Но уже через год итальянский журнал "Эпока" писал: "Несмотря на тринадцатилетний перерыв, Лючия Бозе сумела занять ведущее положение в кино". Разрешился вопрос, который варьировала критика в связи с новым появлением Бозе: кто она - профессионалка, актриса или "vedette", звездочка, манекенша, всецело зависящая от внешности, пассивный объект для кинокамеры? Вопрос, скрывавший альтернативу: победа или поражение? Ведь возраст полностью исключал амплуа "кинодивы", а изменившаяся внешность - возможность калькирования образов, прославивших "прежнюю" Бозе.

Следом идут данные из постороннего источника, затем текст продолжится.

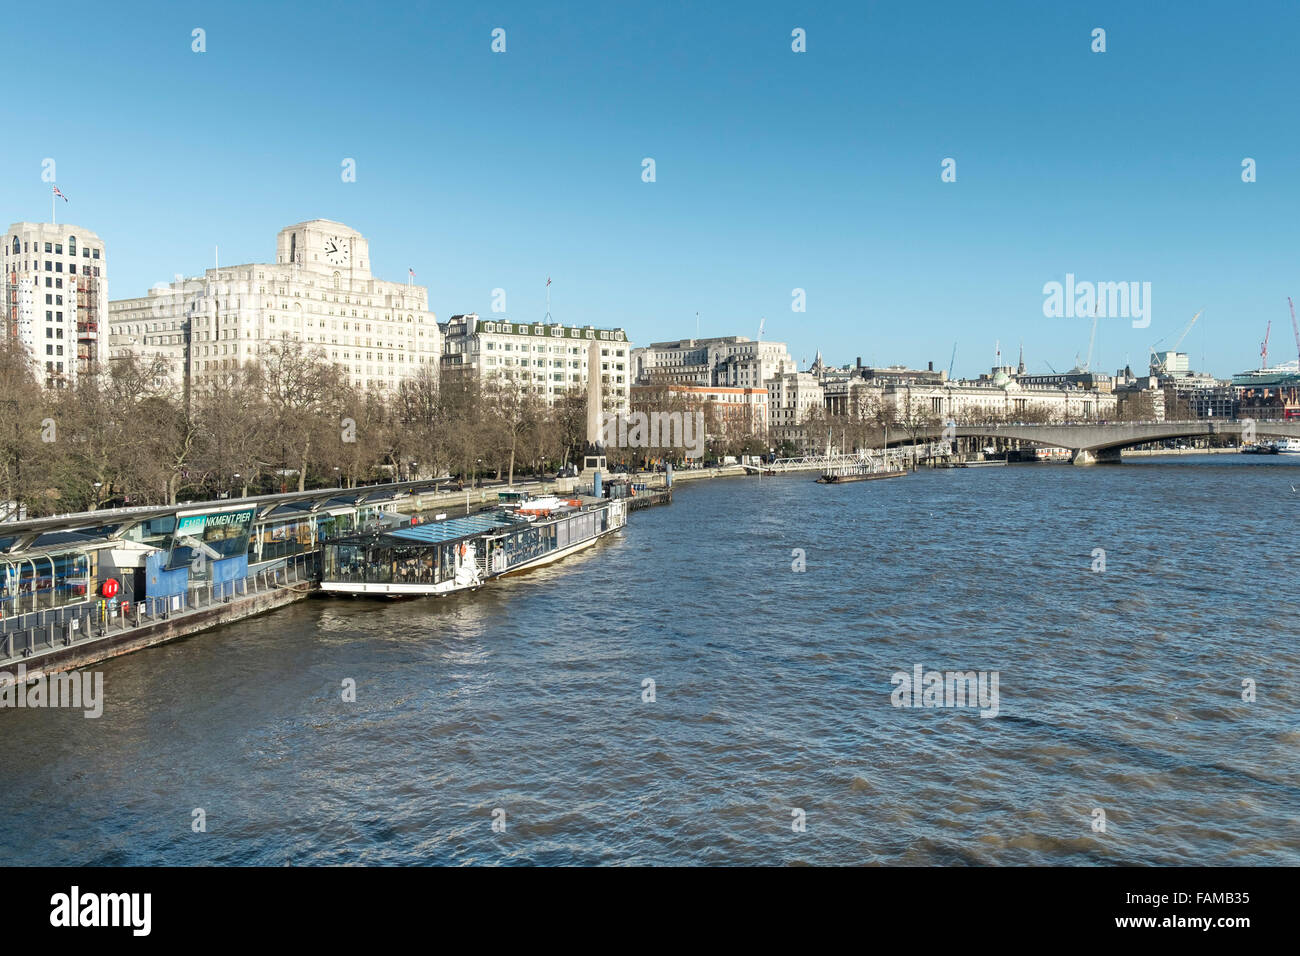 Buildings on the Embankment in London. Stock Photo

В кинематограф вернулась актриса. Среди последних работ Бозе - ничем не сходные между собой разноплановые роли в "Сатириконе" Феллини, в экранизации романа Пратолини "Метелло" (реж. Болоньини), в фильме-притче братьев Тавиани "Под знаком Скорпиона"; в "Утренней звезде" ("Зима на Майорке") - биографической ленте о Шопене, где, выступив в паре с английским актером Кристофером Сэндфордом. она сыграла Жорж Санд. Наконец, еще одно известие: Бозе будет Эммой Бовари. Счастливый случай, удача, признание? Ведь она получила предложение, лестное для любой первоклассной актрисы.
"Казус Бозе" тем более интересен, что все успехи и неуспехи первого периода ее творчества и на самом деле были связаны с особенностями ее типажности, которая выступала на передний план в любых ролях, помогая, а подчас препятствуя воплощению образа.
Говорить, что Бозе "играла", можно только условно. Не получив профессионального образования, минимально вооруженная навыками актерской техники, она, находя опору в своей интуиции, проживала в каждом фильме отрезки времени, куски бытия, иные обстоятельства, новые ситуации.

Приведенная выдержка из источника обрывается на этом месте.